Hey everyone! I'm looking for some real advice on how to write better code and speed up my workflow. I've been working as a data scientist, but I don't have a formal programming background. Over the years, I've picked up some tips for clean coding and reusability, but I'm still struggling quite a bit. Lately, I've been given a lot of responsibility for data generation at my job. While I can complete the tasks, I often run into issues, like leaving test code in place or using limited inputs to check my work. This leads to incomplete data and ultimately backtracking to fix it, which is super frustrating.
I know that programming is an iterative process, but my iterations often feel unproductive. I try to review my scripts end-to-end to catch any errors before submitting my PR, but new logic I introduce sometimes breaks during actual runs due to data issues I didn't catch during testing.
My team works really quickly, and the pressure to keep up is making me anxious. During scrum meetings, I frequently don't have substantial updates to provide. Has anyone dealt with similar challenges? What strategies can help me cut down on my turnaround time while still producing high-quality work?

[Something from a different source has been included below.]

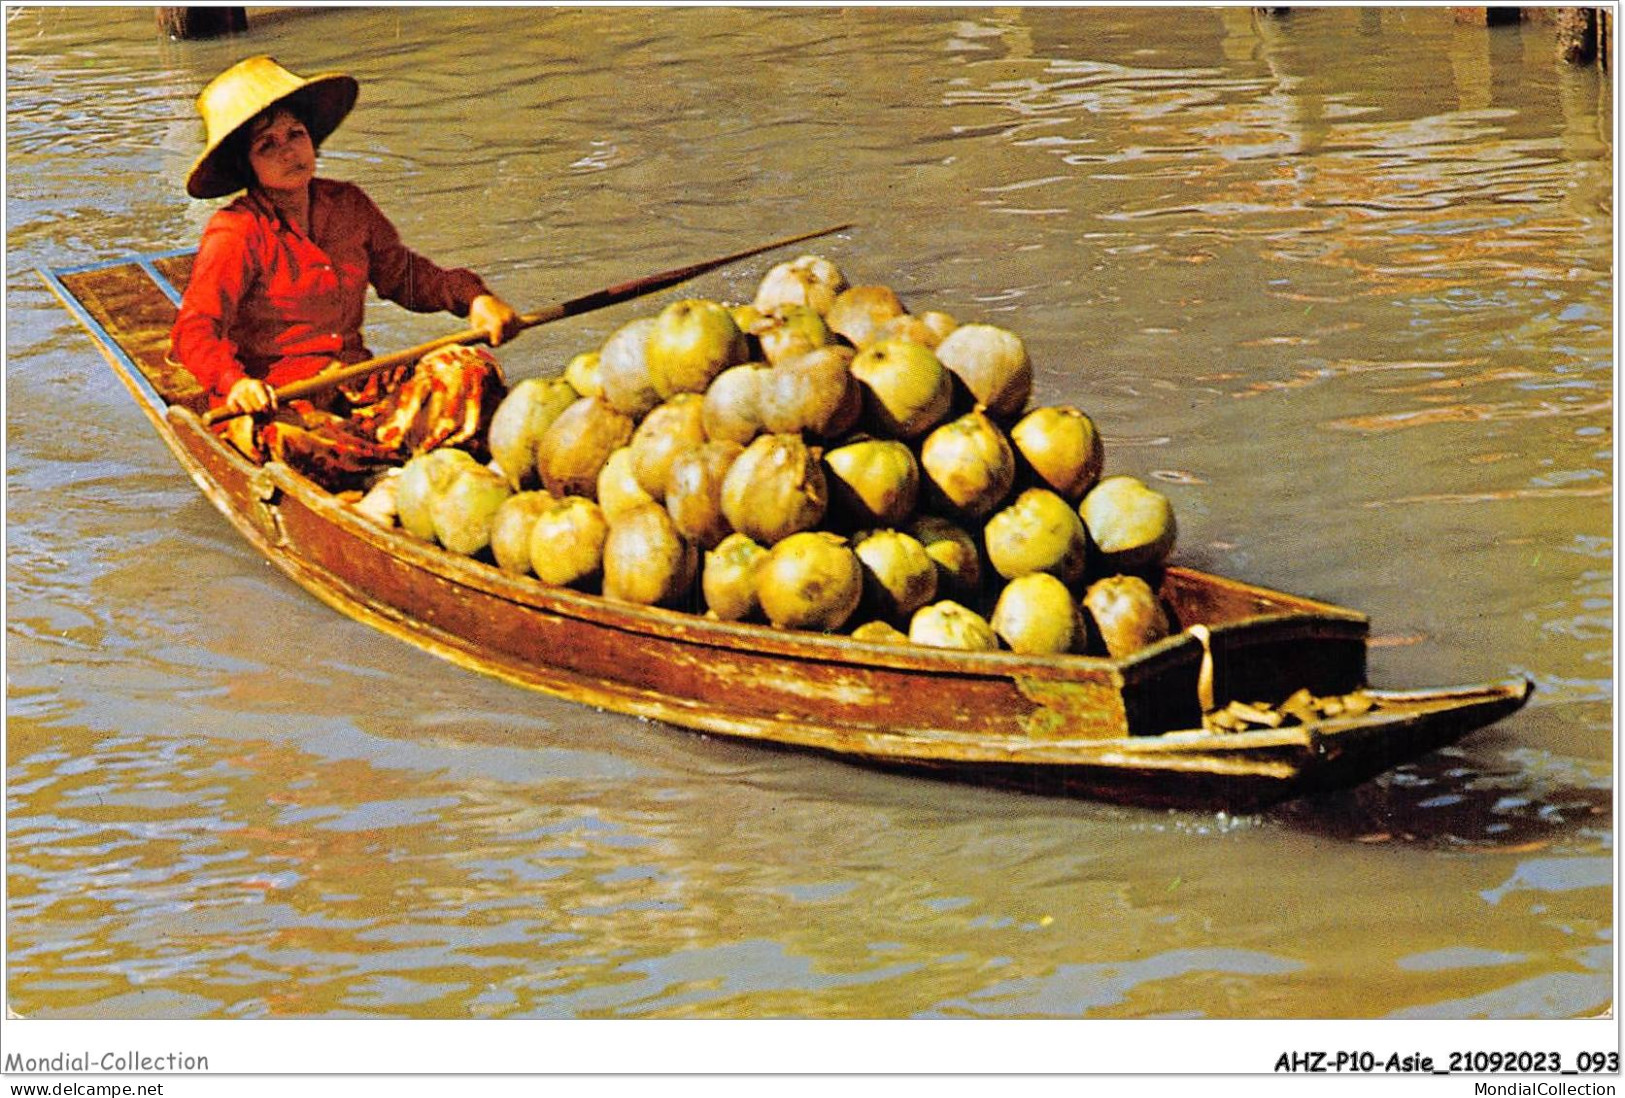 AHZP10-ASIE-0917 - THAI BOAT-VENDORS SELLING FRUITS AND VEGETABLES TO THE DWELLERS BY THE SIDES OF KHLONGS - Thaïland

Also, just to add, I mainly work with dataframes using pandas or pyspark, often applying functions row by row. I've learned a bit about parallel processing with ThreadPoolExecutor and other methods to speed things up.
4 Answers
I noticed you're leaving test elements in your code. A good practice is to write your test cases separately from your main logic. It will also help if you can create a structure that allows more customization of your data without impacting everything else. Think of it as a design improvement!
Writing clean code can feel tricky, especially if you're new to programming. My advice would be to focus on separating unique tasks into their own classes or files, keeping the interfaces clean. This way, if you need to tweak something, you won't disrupt the whole system. Big functions that run for hundreds of lines are really tough to maintain. Little changes can save you tons of hassle down the line!
That's solid advice! I usually hold off on using classes until I feel the logic is stable. I need to start thinking about structuring my code with that in mind right from the beginning.
I’ve had similar roadblocks. I found that using a more procedural coding style, rather than strict object-oriented programming, helped me navigate complexities more easily. It allowed me to focus on manipulating data directly, simplifying a lot of tasks that felt complicated before. Sometimes, going back to basics can clear up a lot of the confusion!
When working with test elements, if you're using Python, consider a testing framework like doctest. It can be quite efficient for smaller projects, and it ensures you keep your tests organized without cluttering your main logic. Plus, it might reduce some of the friction you're feeling!

I get that! My hang-up is needing to see how every variable changes throughout my entire script. Maybe I should try breaking things out instead of relying on notebooks.